Purpose: The Lugano Classification is the benchmark for evaluation of nodal lymphomas yet pediatric (ped) specific recommendations have not been included limiting its application to children. With increasing collaboration for AYA lymphoma clinical trials, inclusion of ped criteria is essential to allow for use of the Lugano Classification to all patients. With planned major updates to the 2014 classification, an opportunity to consider ped specific issues was identified.
Methods: 6 representatives from North America & Europe, HL & NHL, pediatric & radiation oncology & nuclear medicine convened to develop ped specific revisions. Ped-specific biomarker expertise was also obtained.

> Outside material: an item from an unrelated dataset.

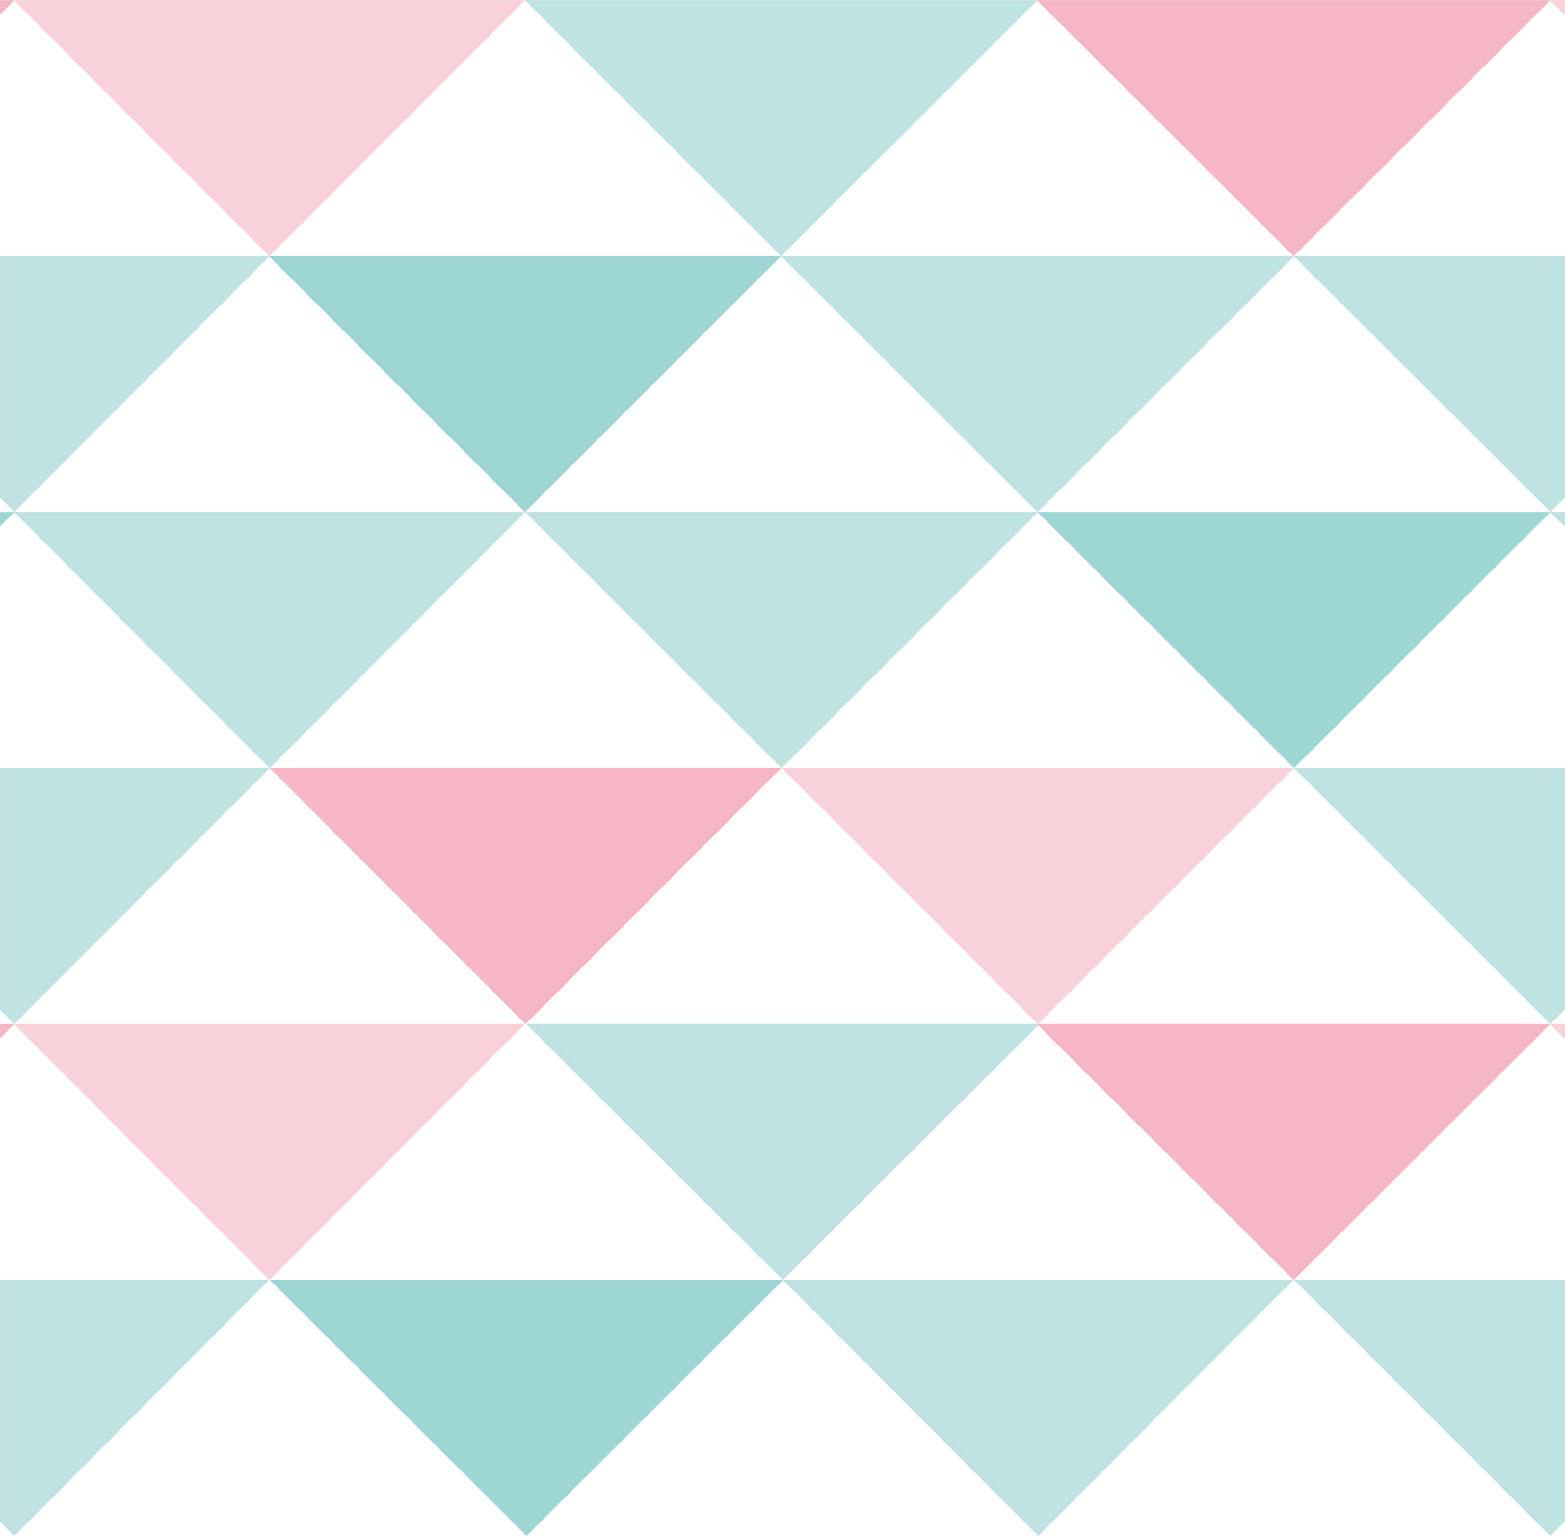 Papel de Parede Coleção Brincar Triângulo Geométrico 3600 - Rolo: 10m x 0,52m

Results: The Ped Subcommittee (11 meetings between 9/2022-4/2023) recommended: Initial Evaluation: Systematic assessment of cancer predisposition risk and referral to genetic counseling; Consider risk for underlying immunodeficiency in select cases. Staging Criteria–Imaging: Limit lifetime exposures to radiation and anesthesia; Use measures to reduce brown fat activation to minimize PET false-positive results; reactive nodes<2 cm due to infection/inflammation are more common in children; Specific size criteria may underestimate bulk or organomegaly in children. Staging Criteria–Biomarkers: Few validated for clinical practice; TME by nanostring, image mass cytometry, ctDNA, TARC, MTV are of research interest. Prognostic Groups & Treatment Allocation: Risk stratification criteria vary from adult and across ped HL regimens. Most utilize low, intermediate and high-risk groups: E, bulk, & ESR/CRP elevations are used for treatment allocation regardless of stage; Age, leukocyte count, hematocrit, lymphocyte count, albumin, & number of nodal sites are not routinely used. Assessment of Response During Treatment: New PET avid nodes should not be considered a new site of disease if original sites had adequate response, especially if history or other findings suggest infection/inflammation. Follow Up Evaluations: False-positive findings may be related to thymic rebound or inflammation/infection; Ongoing imaging in the absence of clinical symptoms >2 years after treatment is not recommended; MRI or ultrasound are prioritized to limit lifetime radiation exposure; Lifelong follow up to monitor for late toxicities is highly encouraged.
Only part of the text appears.